To be clear - are all your filesystems affected or just this one?

Peter

Comment by Peter Jones [ 20/Feb/15 ]

Herbert

An LNET engineer is examining the code in light of the messages you are seeing. Do you have any particular questions at this time? Do you want to pose these via the ticket or setup a concall?

Peter

Comment by Amir Shehata (Inactive) [ 20/Feb/15 ]

In the syslog, I'm seeing:

Feb 20 07:50:21 kern:err:nbp8-mds1 LNetError: 2497:0:(o2iblnd_cb.c:2267:kiblnd_passive_connect()) Can't accept 10.151.40.87@o2ib on NA (ib1:0:10.151.27.60): bad dst nid 10.151.27.60@o2ib

This occurs when a node receives an RDMA_CM_EVENT_CONNECT_REQUEST, but the destination nid in the message doesn't correspond to any local NIs.

from the errors you pasted in the description all of them seem to revolve around nid: 10.151.27.60@o2ib.

Are there any issues around that node? Is it configured properly?
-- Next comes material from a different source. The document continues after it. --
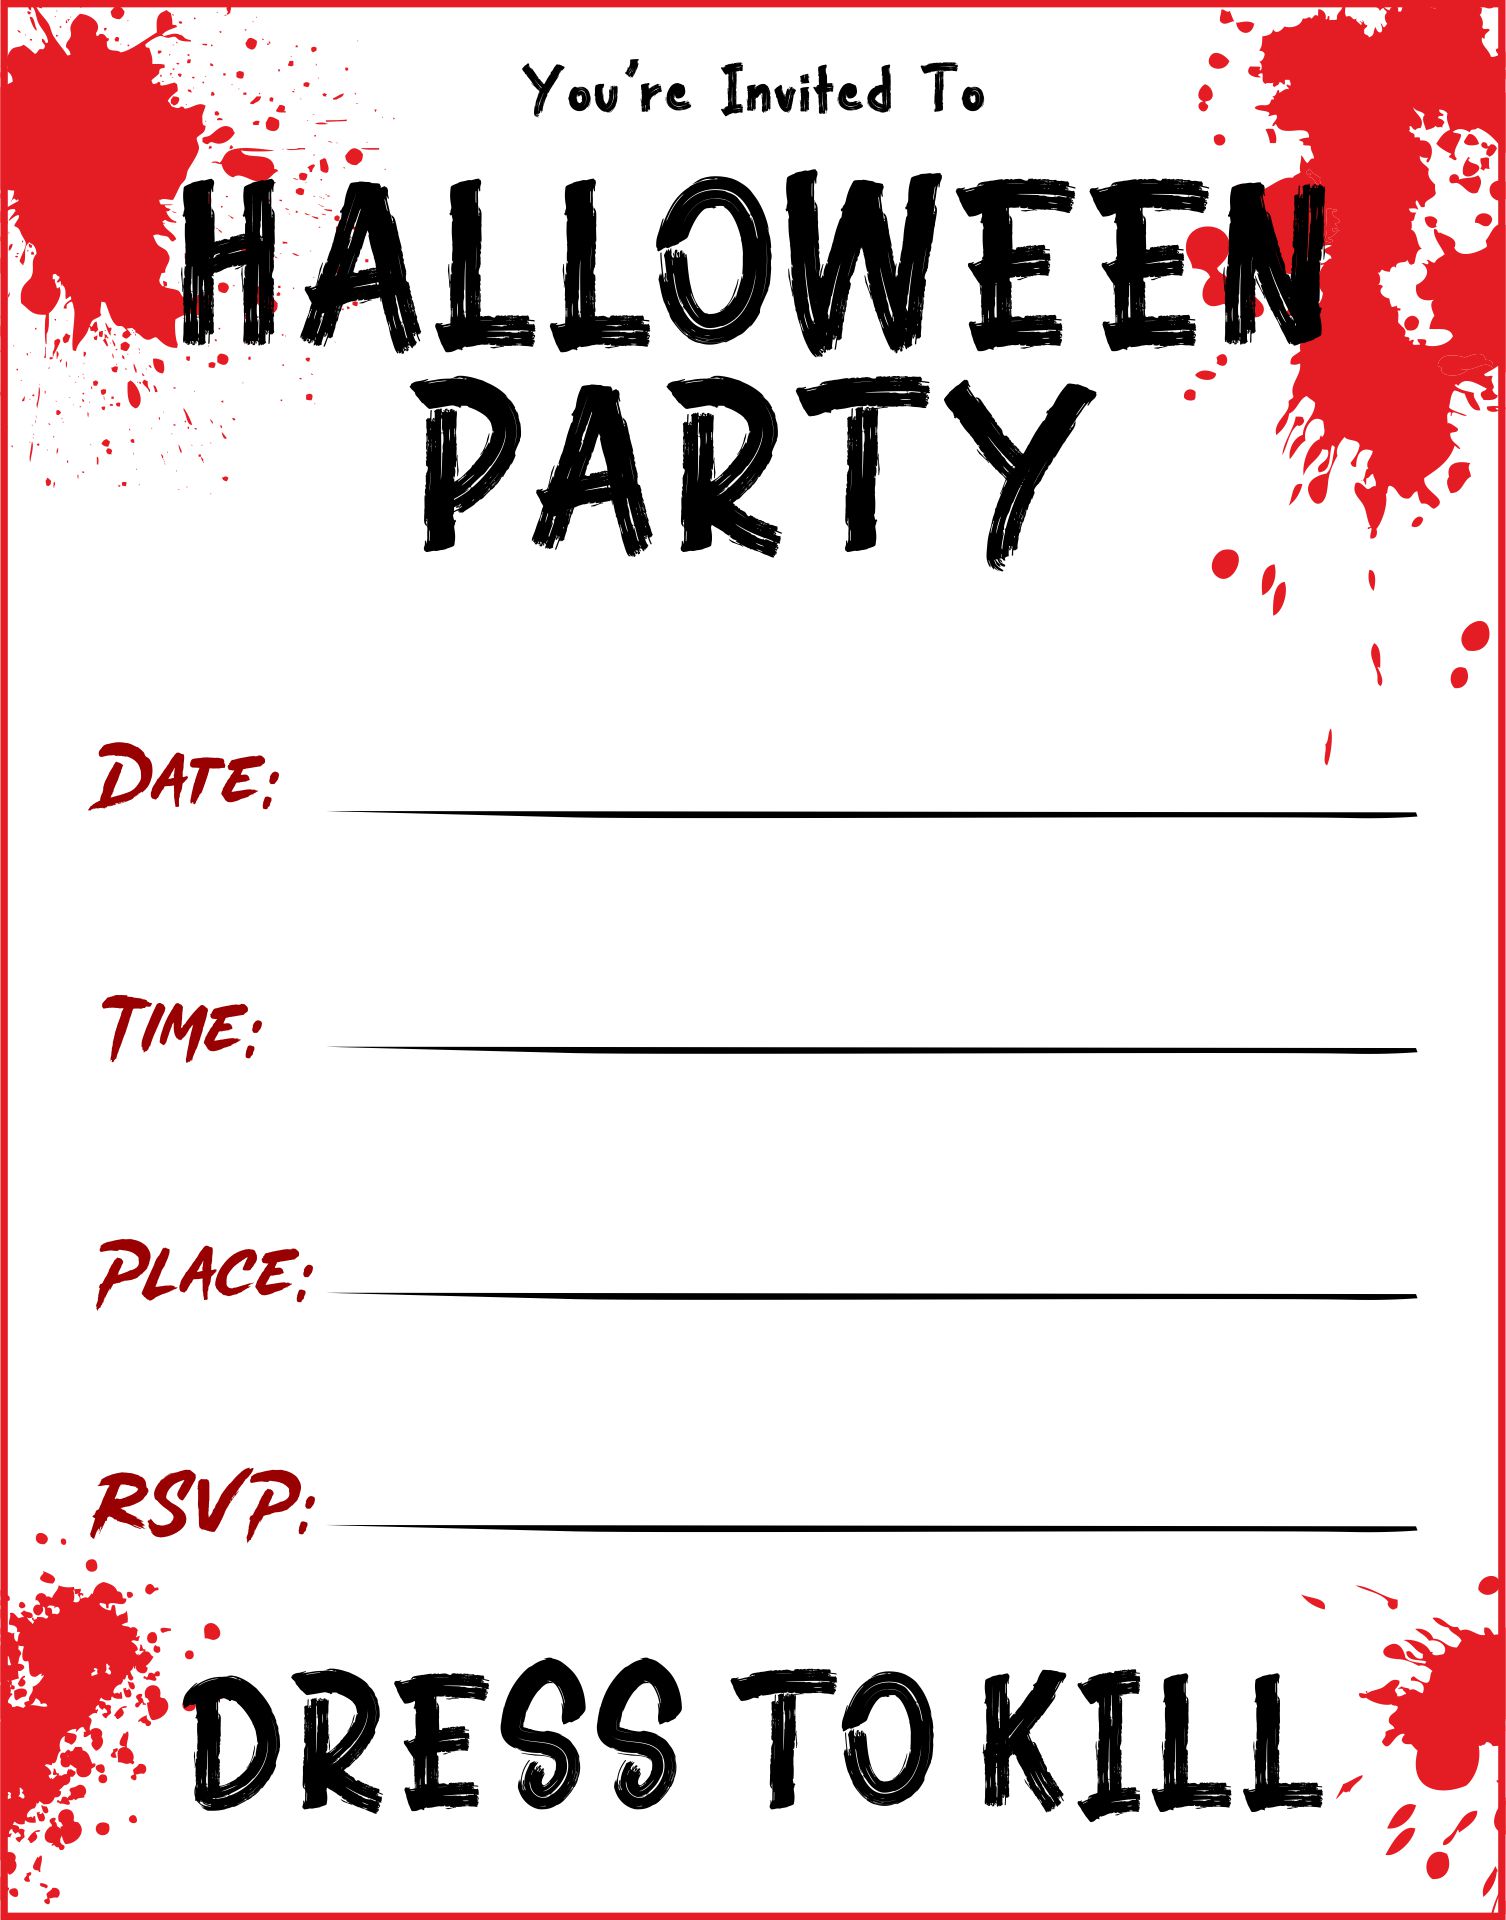 Dress To Kill Blood Splatter Halloween Party Invitation Printable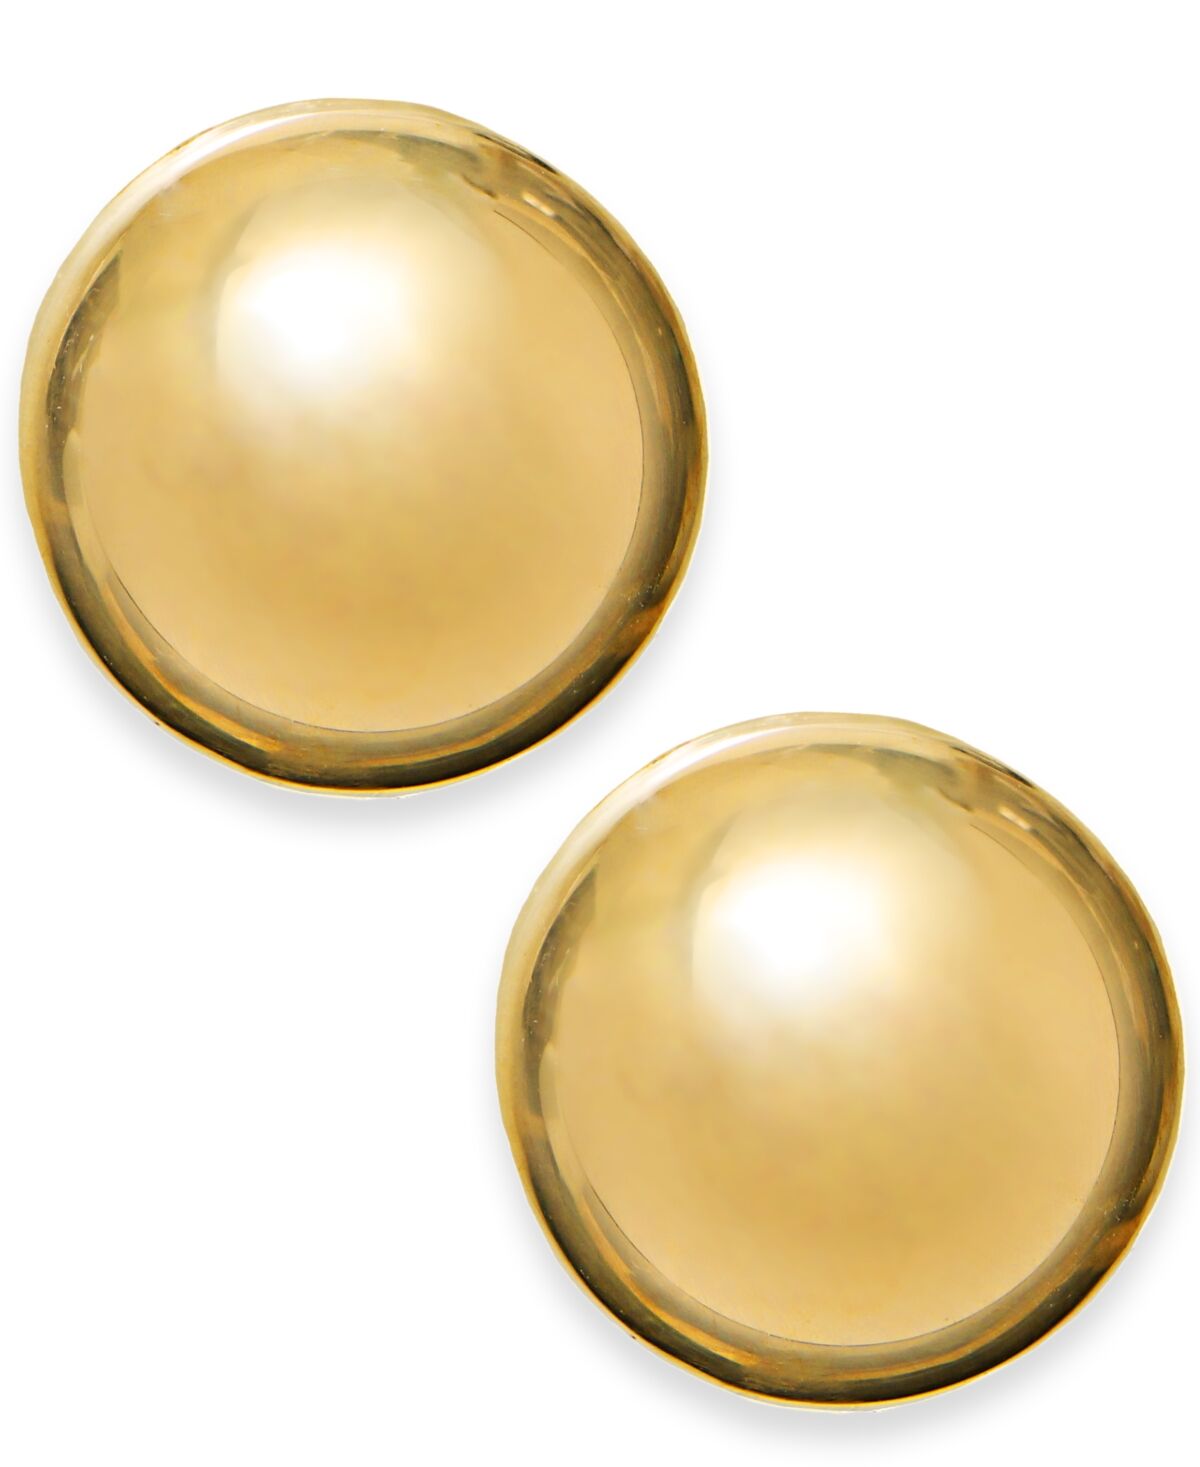 Macy's 14k Gold Earrings, 12mm Domed Ball Stud Earrings

Seems like 10.151.40.87@o2ib is attempting to establish connection with 10.151.27.60@o2ib (which looks like the MGC in your setup), but that node, doesn't have a network interface configured with that NID.

Comment by Mahmoud Hanafi [ 21/Feb/15 ]

More info... It looks like the MDS running in osp_sync_process_queues and it blocks all other process. It looks like is responding to clients but all console access and host access is hung. I am uploading process trace and a list of running process.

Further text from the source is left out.